Many people are convinced that the current economic downturn will be deeper and more prolonged than we've seen in any of the more recent cycles. It is clearly an asset to have a full-time internal team of operating partners – in our case former corporate CEOs – who have, in a sense, been there and done it before.
From a new deal standpoint, in the near term there definitely is a constraint resulting from the lack of leverage available. Leveraged lending will come back very selectively and will take a while, but we think it will come back in a very advantageous way to CD&R. Lenders and debt investors are going to be much more selective, and our operationally driven model will be attractive. We also think that, to the extent that sellers are forced to assist in the lending for a transaction, they too will favour a CD&R-type model, which is deeply grounded in getting cost and productivity gains and generally improving the fundamental operating performance of businesses.
We've got four or five years of liquidity to fund operations at each of the portfolio companies, even if they are cash-flow neutral from operations. When you have leveraged companies without covenants, what will trip up a lot of businesses will be access to cash. We very deliberately built liquidity cushions for each company we acquired when the sun was shining and the sky was clear, which has turned out to be a very valuable insurance policy in today's environment.

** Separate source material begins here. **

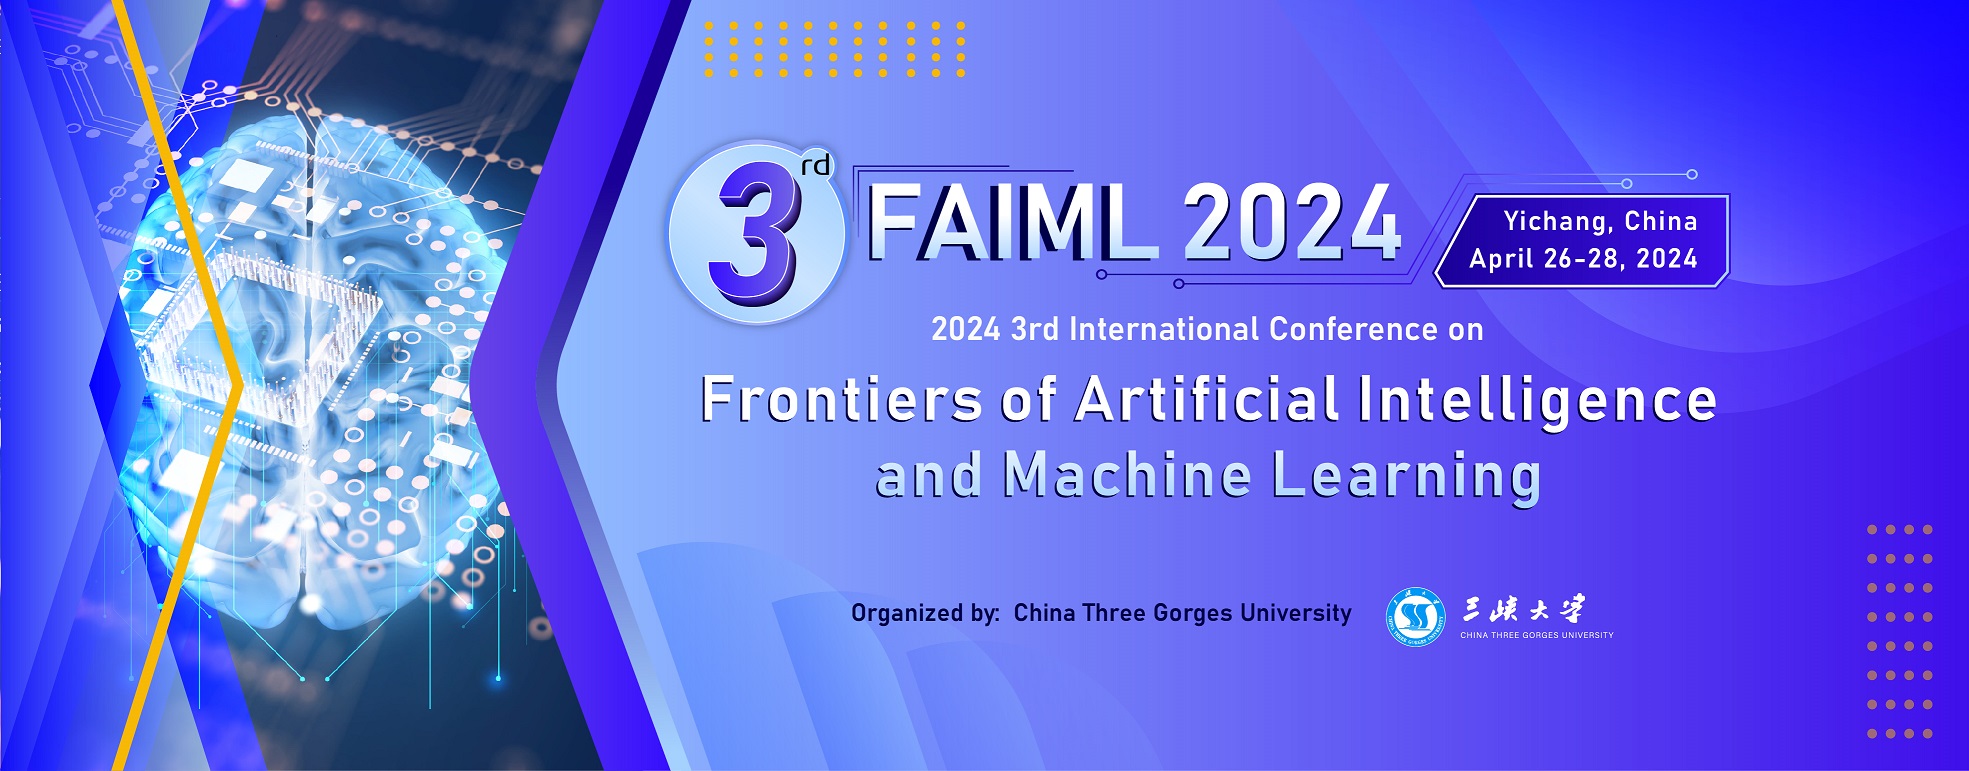 2024 3rd International Conference on Frontiers of Artificial Intelligence and Machine Learning (FAIML 2024) 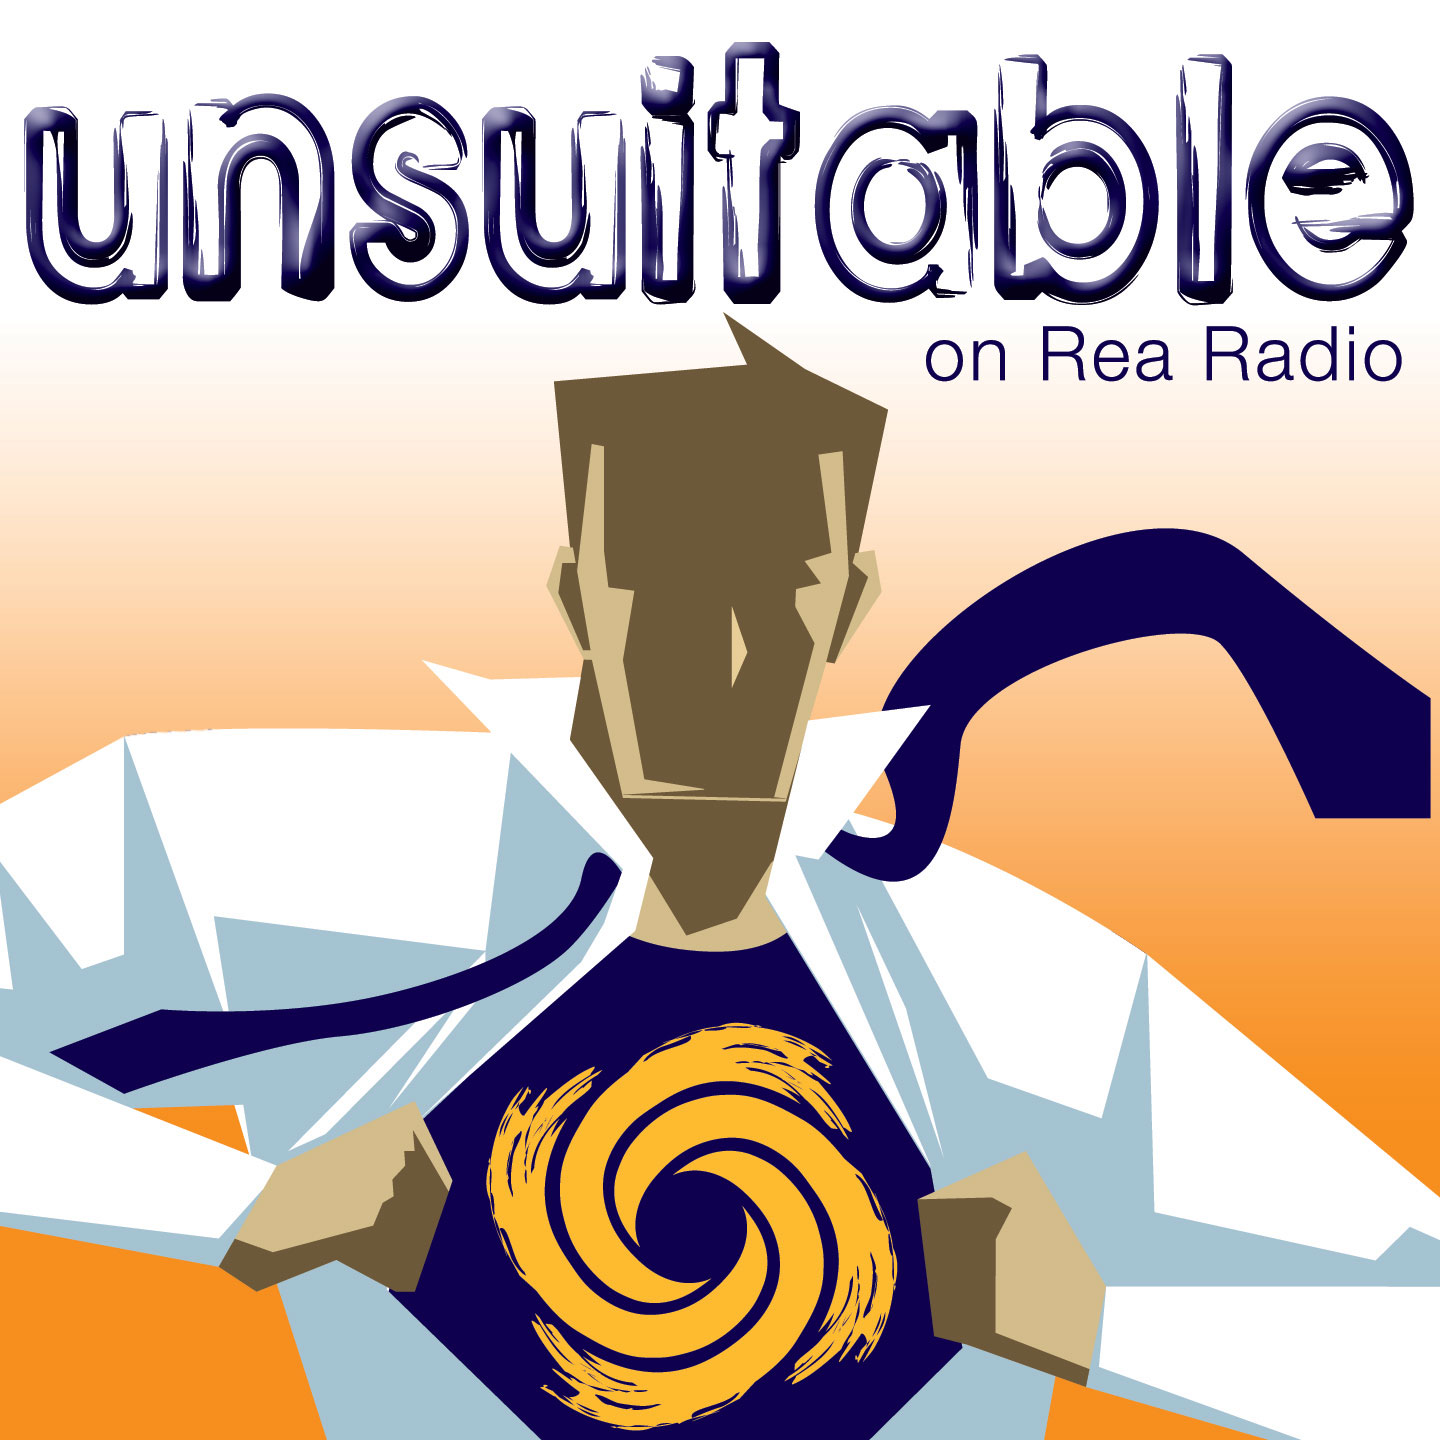 Artwork for podcast unsuitable on Rea Radio

The liquidity also is a real asset as a source of funding for add-on acquisitions. Many of our companies are looking at whether now is the time to play offense, not just defense. The choice being debated is “buy or bury”. It's not a pretty term but sometimes you can take business away from competitors on a more capital-effective basis without buying them.
In a macro sense, Europe's transaction sizes tend to be smaller, the syndications are tighter and that may help the market recover a little more quickly. There is a more developed mezzanine market so some of the smaller transactions should happen. We closed a transaction in Europe, Bodycote Testing Group, in October with about 55 percent equity. To make a broad generalisation, there may be more balance sheet capability in Europe right now than in the US relative to the size of the markets.
However, there's a real lag between the credit and fiscal programmes in some of the European countries versus the US, so there is a continuing lag in terms of when they see the bottom and when the recovery comes in individual European economies.